Monday, August 26, 2013

Feeling fall: Brown butter ice cream

Do you feel it?  It's in the air.  Temperatures in the morning are in the high 60s, sometimes you don't need the air conditioner at night, and the apples, the celery root,  and the butternut squash are beginning to populate the market.  It's the time of year which Annalena always thinks of as "purple" in terms of  eating locally:  in the early spring  it's pale green, followed by pink (rhubarb, strawberries), then dark green and red, and pink.  Now, with plums, eggplants, and stuff like that , Annalena thinks of it as purple.

Ray Bradbury, in the wonderful "Dandelion Wine," which you should ALL read immediately, has a line about how the grandparents start speaking of coffee instead of lemonade when sitting on the porch after dinner.  Now, how much can you pack into one, simple sentence ?  It's wonderful.   Annalena begins to think of cinnamon, and cooked cabbage, and she pulls out her collard greens recipes.
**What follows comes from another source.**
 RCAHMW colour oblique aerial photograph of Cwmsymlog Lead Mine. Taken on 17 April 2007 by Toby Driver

And the plums.  Oh, the plums.  Honestly, Annalena cannot say that her favorite fruit, is plums, but they may be the fruit she most enjoys cooking.  There are so many kinds, so many colors, and so many textures.  Years ago, for a farewell party for her sweety Fred, Annalena made a trio of plum sorbets, each of which was based on a different plum.  She could have made an eight pack of them.
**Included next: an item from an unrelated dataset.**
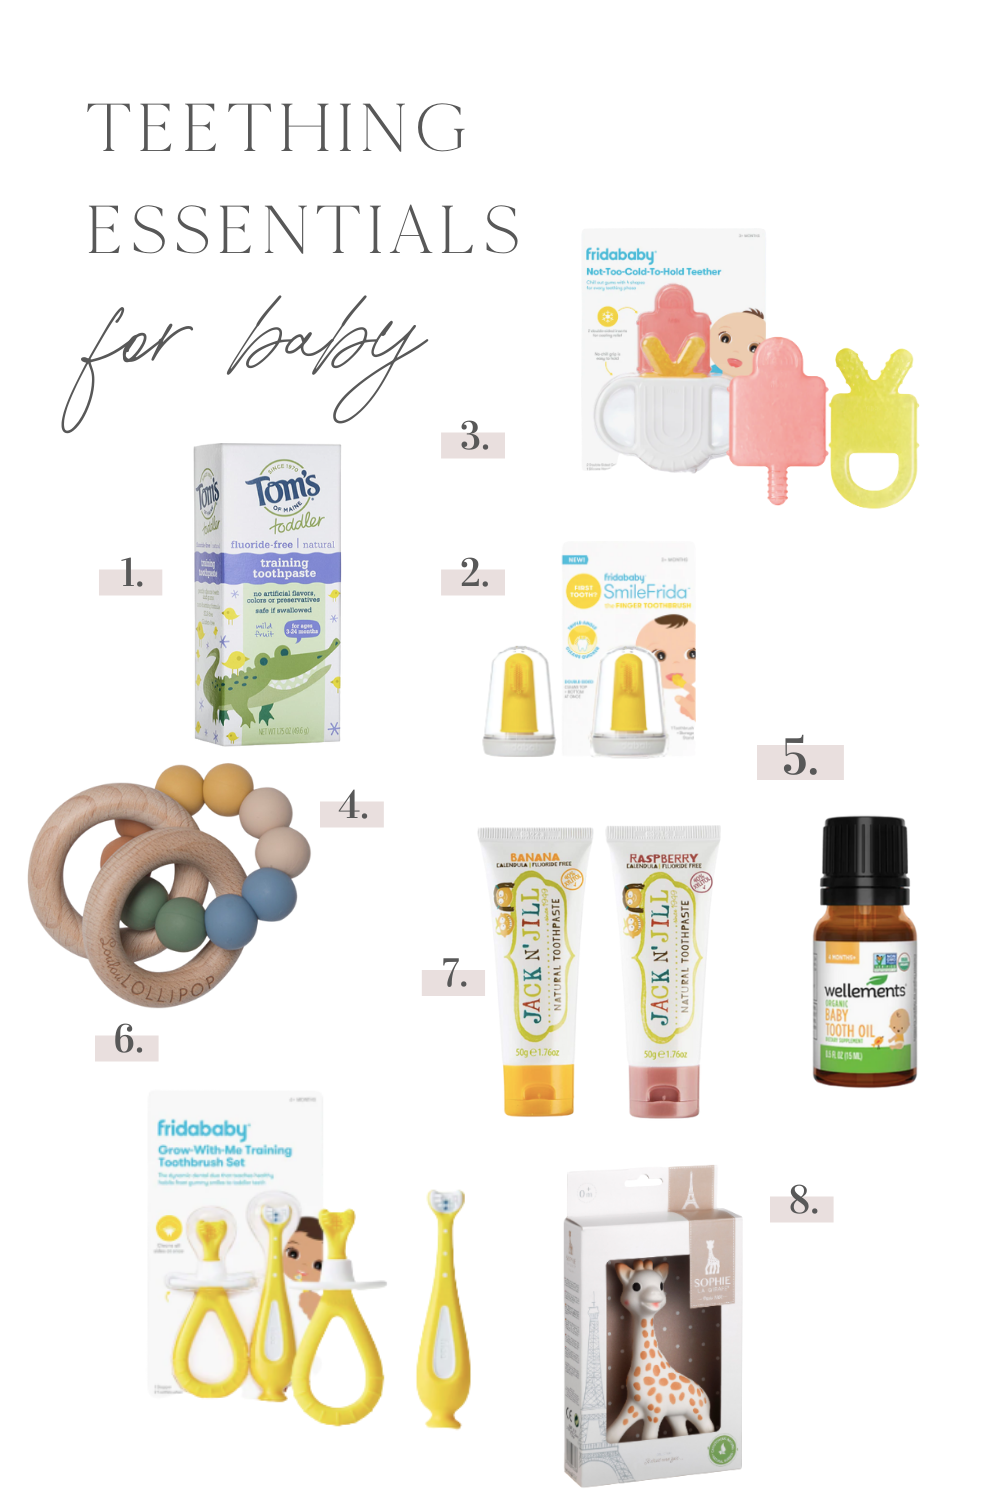 teething essentials and products

Now, all this talk about plums, because it was thinking about plums, and remembering a dish at her bud  Ryan's restaurant "All Good Things," that led Annalena to start investigating the idea of a brown butter ice cream.

"Brown butter," for those of you new to the term, is butter melted very slowly, and allowed to brown.  It's that simple, except it's not.  You have to watch this very carefully when it's happening, and you have to stop the cooking at just about one half shade of brown below what you want, because the butter will keep cooking.  If you want to be absolutely pure about it, then you cool it, and take the milk solids off the top, because there will be little burnt bits of milk protein in it.  They will look like vanilla beans, but they're not.  Annalena doesn't mind them, but if you do, well, you know what you have to do.  If you want them out, this recipe winds up taking longer to make, but it's still worth doing.  Butter ice cream.  Geez. You get butter, cream, milk, and eggs in one dish.   Thank goodness you're eating it with fresh plums, huh?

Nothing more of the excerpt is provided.